For 81 years, generations of families have come to say their goodbyes here. They’ve shared words of comfort, cried freely, and sung hymns to salve the pain. The chapel inside Terry Funeral Home has held them all.

Elmer Lynn had planned to memorialize his 70-year-old wife, Mildred, here, too. She died on Easter of COVID-19 at Lankenau Hospital.

Seated at an antique table in the casket selection room, a weary Lynn explained to Gregory Burrell, the owner of the West Philadelphia funeral home, why he changed his mind.

“There’s eight members of the family that has it. Nobody’s gonna come. So why should I have a viewing?” said Lynn, who first met Mildred when they were teenagers around the corner from each other in Mantua.

Discussions had been heated with loved ones about the funeral for his spouse of 50 years. Her family is close and visited each other frequently, unaware that they were spreading the coronavirus. Lynn was firm: “Just go straight to cremation. That would solve the immediate problem."

Burrell began the paperwork: “You sure nobody wants to view before we, uh—”

“I went through this before I came over here,” Lynn said, interrupting before Burrell could finish his question. “And it was all a resounding ‘hell, no.’”

Since the pandemic began, Gregory Burrell’s days have been filled with difficult conversations. The number of direct cremations is higher than ever at Terry Funeral Home. In any given year, his establishment handles an estimated 5% of the 6,800 black deaths in Philadelphia.

But 2020 is not just any year. Black people in Philadelphia – and in other U.S. cities including Chicago, Atlanta, and Los Angeles – have been disproportionately affected by the virus. Although black residents represent 44% of the city’s population, they currently represent 54% of COVID-19 deaths, according to the data available. As of Friday night, there were 638 deaths in the city, racial analysis was available for 508 of them. Out of these 508 deaths in the city, 273 were black residents.

Given stringent public health limitations around gatherings and human contact, concerns around how the bereaved will reconcile losses are universal. In the black community, the new restrictions have disrupted centuries-old funeral traditions and the ways they can collectively grieve.

“The impact that it’s having on families who’d like to have the traditional homegoing service— they are being robbed of that as a result of this virus,” said Burrell, 59, of the black church ceremony, which emphasizes that the spirit making it to heaven calls for jubilation. “And it’s disheartening for me, having experienced death in my own family. Just recently, my wife passed away a year ago. I could not imagine not being able to have the homegoing that she wanted for herself.”

Worry never leaves his mind. By April 15, Terry Funeral Home had already seen 25 bodies, what they’d typically handle in a month.
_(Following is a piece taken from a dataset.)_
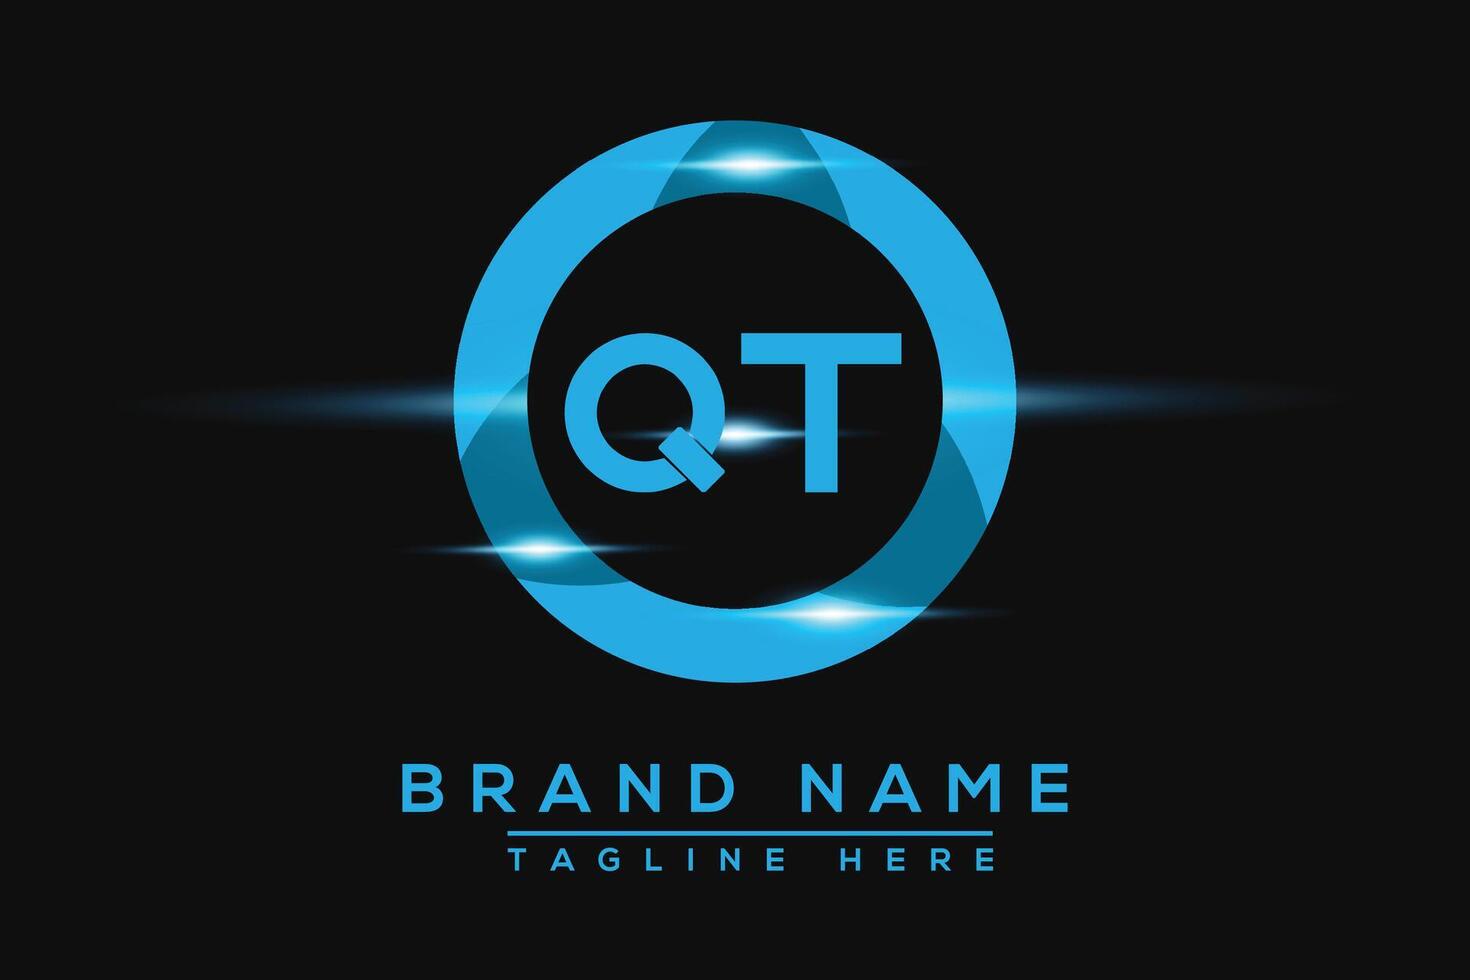 QT Blue logo Design. Vector logo design for business.

At month’s end, the funeral home had received 54, half of those people had died of COVID-19. Under ordinary circumstances, funerals with burials make up 65% to 70% of their business. But with more cremations, traditional funerals are down to around half.
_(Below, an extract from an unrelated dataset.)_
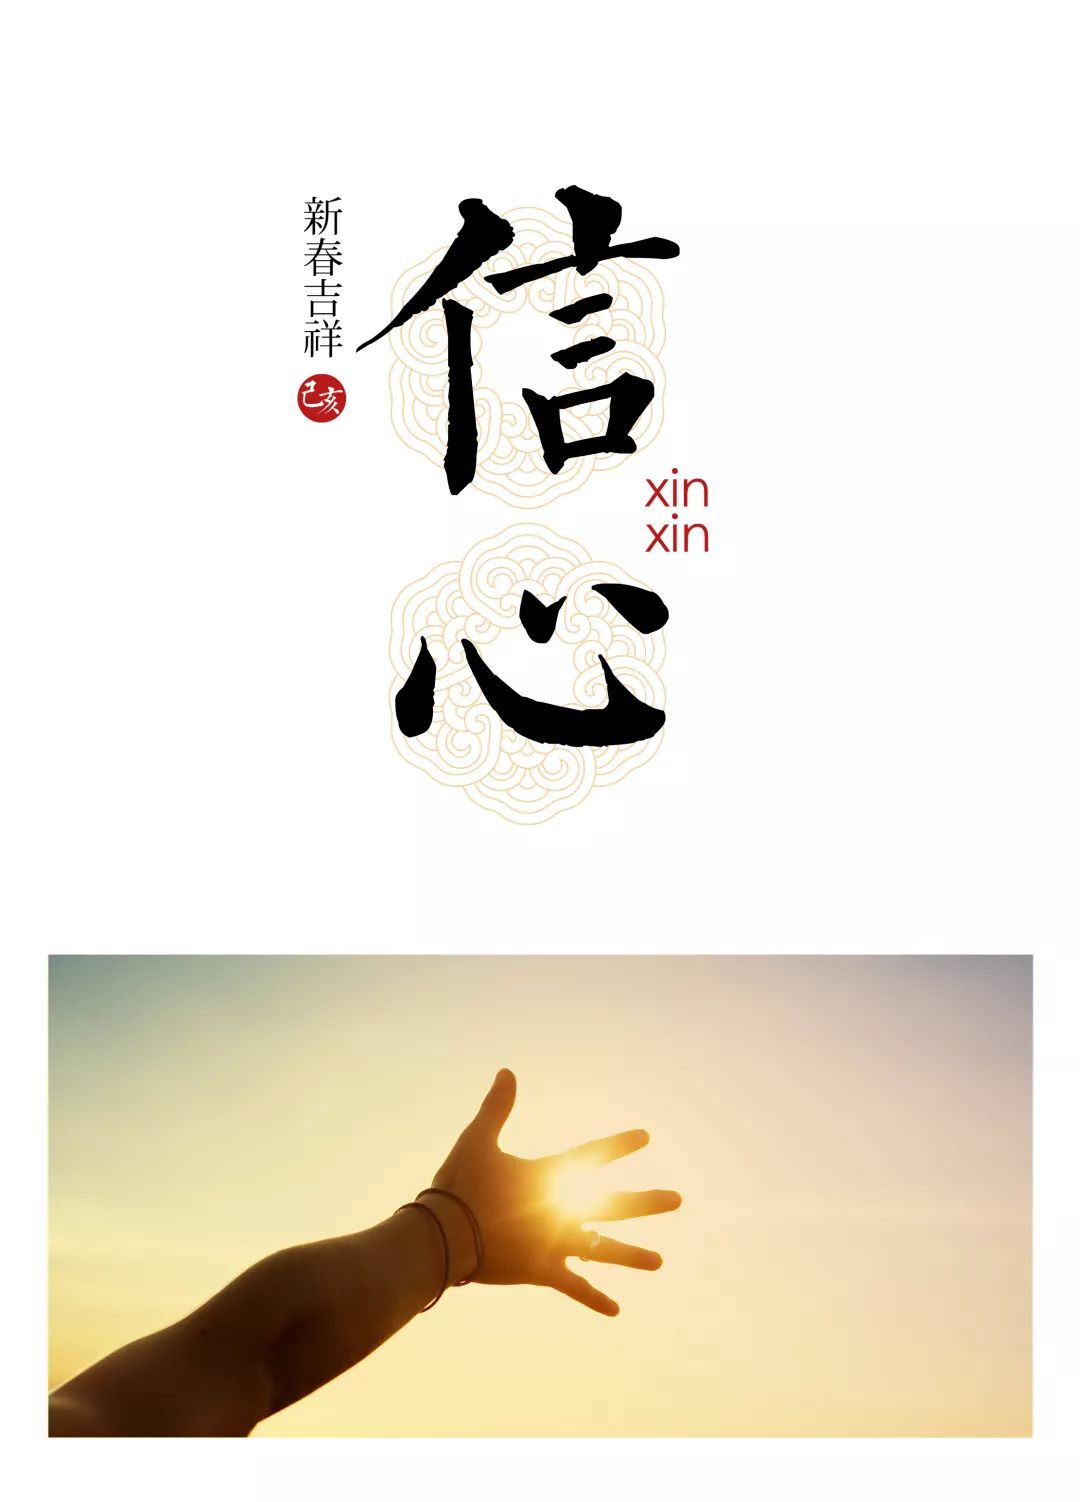 习近平春节团拜会讲话里的四重“心”意|界面新闻 · 中国

“It’s so much rapid death so quickly,” said Burrell, who has a staff of five full-time employees and 15 part-time workers, all working longer hours since the pandemic began.

Funerals were a big deal in Apopka, the Florida town outside of Orlando where Burrell was raised. When he was 8, a friend who was a year older died after falling out of a tree, and he was one of the pallbearers. There was one funeral home in town.
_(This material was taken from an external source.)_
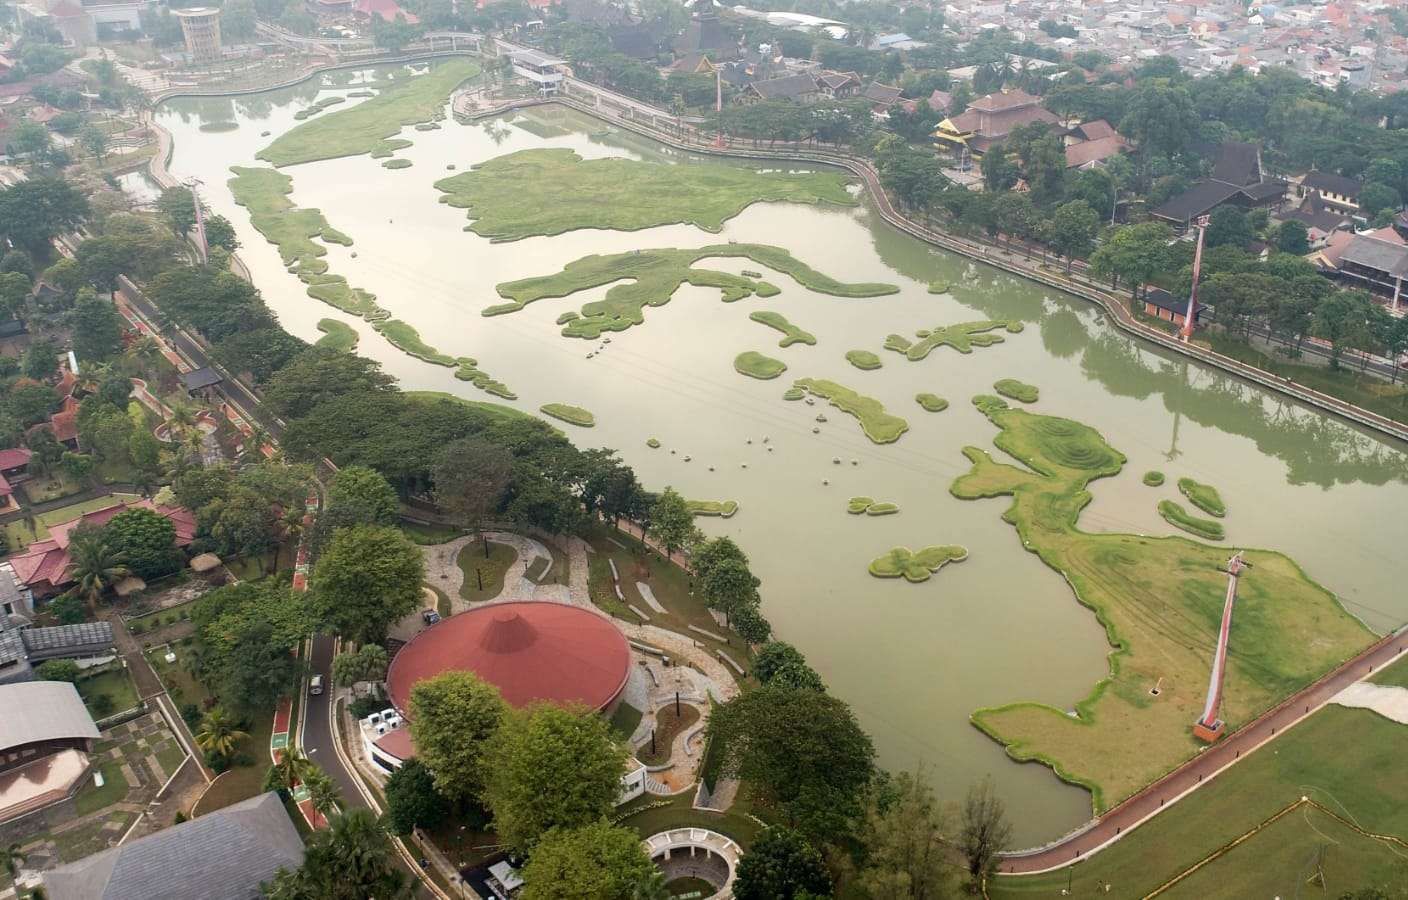 Wajah Baru Taman Mini Indonesia Indah dengan wajah baru,lebih hijau, lebih indah dan lebih rapih. (Foto: PUPR)

“I got hooked,” Burrell said. “I started going to funerals of people who I didn’t even know.”

He worked his way up in the funeral business over the years and made a name for himself after reviving a struggling funeral home in Winston-Salem, N.C. He didn’t think he’d settle this far north, but a fraternity brother told him the Terry Funeral Home was up for sale.

Inside Burrell’s office, lined with framed clippings of press coverage, regalia of his fraternity, Alpha Phi Alpha, and his alma mater, Morehouse College, the phone hasn’t stopped ringing. Each day he receives at least six inquiries for services. During the pandemic, he’s gotten calls from families in hard-hit states such as New York and New Jersey. Terry Funeral Home cared for the homegoings for such high-profile Philadelphia political leaders as C. Delores Tucker, William Gray, and Lucien Blackwell. He bought the business from the Terry family in 2000.

For Terry Funeral Home in West Philadelphia, homegoings are the most popular type of service. During enslavement in the U.S., gatherings among enslaved people were restricted. Homegoings were among rare instances that some enslavers allowed black people to come together. Homegoings, which are held across denominations in the black church, celebrate the person’s life and that their spirit has made it back home. These services are often filled with jubilation and music.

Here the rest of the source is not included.